→ **Data shown**
⁂

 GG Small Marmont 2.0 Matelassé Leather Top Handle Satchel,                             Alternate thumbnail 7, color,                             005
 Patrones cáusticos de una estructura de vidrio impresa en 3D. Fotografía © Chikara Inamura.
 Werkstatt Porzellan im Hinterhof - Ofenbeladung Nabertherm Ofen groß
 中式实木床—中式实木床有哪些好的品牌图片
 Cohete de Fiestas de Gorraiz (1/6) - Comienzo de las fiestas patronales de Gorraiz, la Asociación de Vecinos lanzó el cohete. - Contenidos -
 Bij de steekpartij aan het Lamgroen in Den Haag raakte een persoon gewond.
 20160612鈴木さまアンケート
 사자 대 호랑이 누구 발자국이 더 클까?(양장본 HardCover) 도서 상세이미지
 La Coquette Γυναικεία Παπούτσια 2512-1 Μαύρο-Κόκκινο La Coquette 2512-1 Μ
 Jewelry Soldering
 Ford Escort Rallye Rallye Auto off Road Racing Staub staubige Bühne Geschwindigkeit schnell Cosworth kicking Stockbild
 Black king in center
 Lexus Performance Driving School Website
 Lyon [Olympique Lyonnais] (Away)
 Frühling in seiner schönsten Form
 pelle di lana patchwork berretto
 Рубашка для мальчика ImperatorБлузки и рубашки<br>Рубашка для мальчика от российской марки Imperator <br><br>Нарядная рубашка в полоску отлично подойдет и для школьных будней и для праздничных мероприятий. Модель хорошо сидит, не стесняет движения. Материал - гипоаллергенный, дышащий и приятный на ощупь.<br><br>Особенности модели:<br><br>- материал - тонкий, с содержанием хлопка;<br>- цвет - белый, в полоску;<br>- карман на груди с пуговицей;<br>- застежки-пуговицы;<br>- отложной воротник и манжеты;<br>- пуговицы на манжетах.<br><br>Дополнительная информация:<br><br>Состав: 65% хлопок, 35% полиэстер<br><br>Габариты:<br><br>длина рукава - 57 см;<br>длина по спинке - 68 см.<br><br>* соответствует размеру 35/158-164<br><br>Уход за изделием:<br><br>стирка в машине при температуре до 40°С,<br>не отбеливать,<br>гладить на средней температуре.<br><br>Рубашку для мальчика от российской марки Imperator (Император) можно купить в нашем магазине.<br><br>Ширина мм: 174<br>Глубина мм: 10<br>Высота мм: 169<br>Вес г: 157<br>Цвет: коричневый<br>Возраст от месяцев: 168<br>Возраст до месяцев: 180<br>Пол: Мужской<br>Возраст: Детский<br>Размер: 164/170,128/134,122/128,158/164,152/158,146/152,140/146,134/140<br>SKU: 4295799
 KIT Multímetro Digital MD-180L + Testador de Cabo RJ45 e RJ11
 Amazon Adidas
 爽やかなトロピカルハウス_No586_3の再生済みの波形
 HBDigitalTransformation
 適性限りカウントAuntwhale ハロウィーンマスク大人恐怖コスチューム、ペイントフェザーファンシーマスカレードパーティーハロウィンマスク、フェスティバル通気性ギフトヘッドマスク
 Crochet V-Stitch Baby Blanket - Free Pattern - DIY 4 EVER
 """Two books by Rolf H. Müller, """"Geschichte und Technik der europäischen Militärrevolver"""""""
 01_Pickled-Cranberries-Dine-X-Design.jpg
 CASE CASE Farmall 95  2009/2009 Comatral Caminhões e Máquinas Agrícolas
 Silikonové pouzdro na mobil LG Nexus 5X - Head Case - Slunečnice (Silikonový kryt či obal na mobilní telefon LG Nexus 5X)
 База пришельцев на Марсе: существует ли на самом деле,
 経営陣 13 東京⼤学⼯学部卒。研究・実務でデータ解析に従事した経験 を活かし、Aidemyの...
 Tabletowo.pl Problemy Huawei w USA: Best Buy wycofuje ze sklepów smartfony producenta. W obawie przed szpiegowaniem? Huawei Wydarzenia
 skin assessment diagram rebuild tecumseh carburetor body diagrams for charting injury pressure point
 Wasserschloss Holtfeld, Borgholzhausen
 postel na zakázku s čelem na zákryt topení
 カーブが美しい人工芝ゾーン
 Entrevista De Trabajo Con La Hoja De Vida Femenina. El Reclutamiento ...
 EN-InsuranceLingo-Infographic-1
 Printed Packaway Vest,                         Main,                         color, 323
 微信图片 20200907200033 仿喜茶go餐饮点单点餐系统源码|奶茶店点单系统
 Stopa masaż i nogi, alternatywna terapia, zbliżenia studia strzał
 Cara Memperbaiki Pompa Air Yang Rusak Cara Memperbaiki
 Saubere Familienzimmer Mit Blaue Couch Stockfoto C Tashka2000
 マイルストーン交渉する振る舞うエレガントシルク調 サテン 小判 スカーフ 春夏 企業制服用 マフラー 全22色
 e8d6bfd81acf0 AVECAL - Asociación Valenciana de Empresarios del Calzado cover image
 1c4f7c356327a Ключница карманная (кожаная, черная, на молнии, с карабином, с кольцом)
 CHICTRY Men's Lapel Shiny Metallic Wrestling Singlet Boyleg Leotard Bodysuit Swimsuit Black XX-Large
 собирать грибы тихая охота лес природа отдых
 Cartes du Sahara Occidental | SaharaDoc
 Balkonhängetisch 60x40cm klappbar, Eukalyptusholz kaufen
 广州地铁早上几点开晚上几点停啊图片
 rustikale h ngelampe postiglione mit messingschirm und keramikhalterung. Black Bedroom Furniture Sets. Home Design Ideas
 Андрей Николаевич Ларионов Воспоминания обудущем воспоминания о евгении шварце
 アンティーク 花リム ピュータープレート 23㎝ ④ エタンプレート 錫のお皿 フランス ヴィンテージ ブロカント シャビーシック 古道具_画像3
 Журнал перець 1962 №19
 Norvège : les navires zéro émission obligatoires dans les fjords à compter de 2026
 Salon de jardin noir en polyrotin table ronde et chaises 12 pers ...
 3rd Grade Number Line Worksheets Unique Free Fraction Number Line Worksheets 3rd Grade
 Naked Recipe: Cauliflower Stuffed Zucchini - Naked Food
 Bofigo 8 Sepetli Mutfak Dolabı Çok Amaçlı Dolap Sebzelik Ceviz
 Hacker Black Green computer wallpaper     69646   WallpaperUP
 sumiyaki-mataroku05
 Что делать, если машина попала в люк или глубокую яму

⁂

→ **Goal of the exercise**
Collect every line with the string "Black" from the records, and copy each.

→ **Your solution**
 Black king in center
 CHICTRY Men's Lapel Shiny Metallic Wrestling Singlet Boyleg Leotard Bodysuit Swimsuit Black XX-Large
 rustikale h ngelampe postiglione mit messingschirm und keramikhalterung. Black Bedroom Furniture Sets. Home Design Ideas
 Hacker Black Green computer wallpaper     69646   WallpaperUP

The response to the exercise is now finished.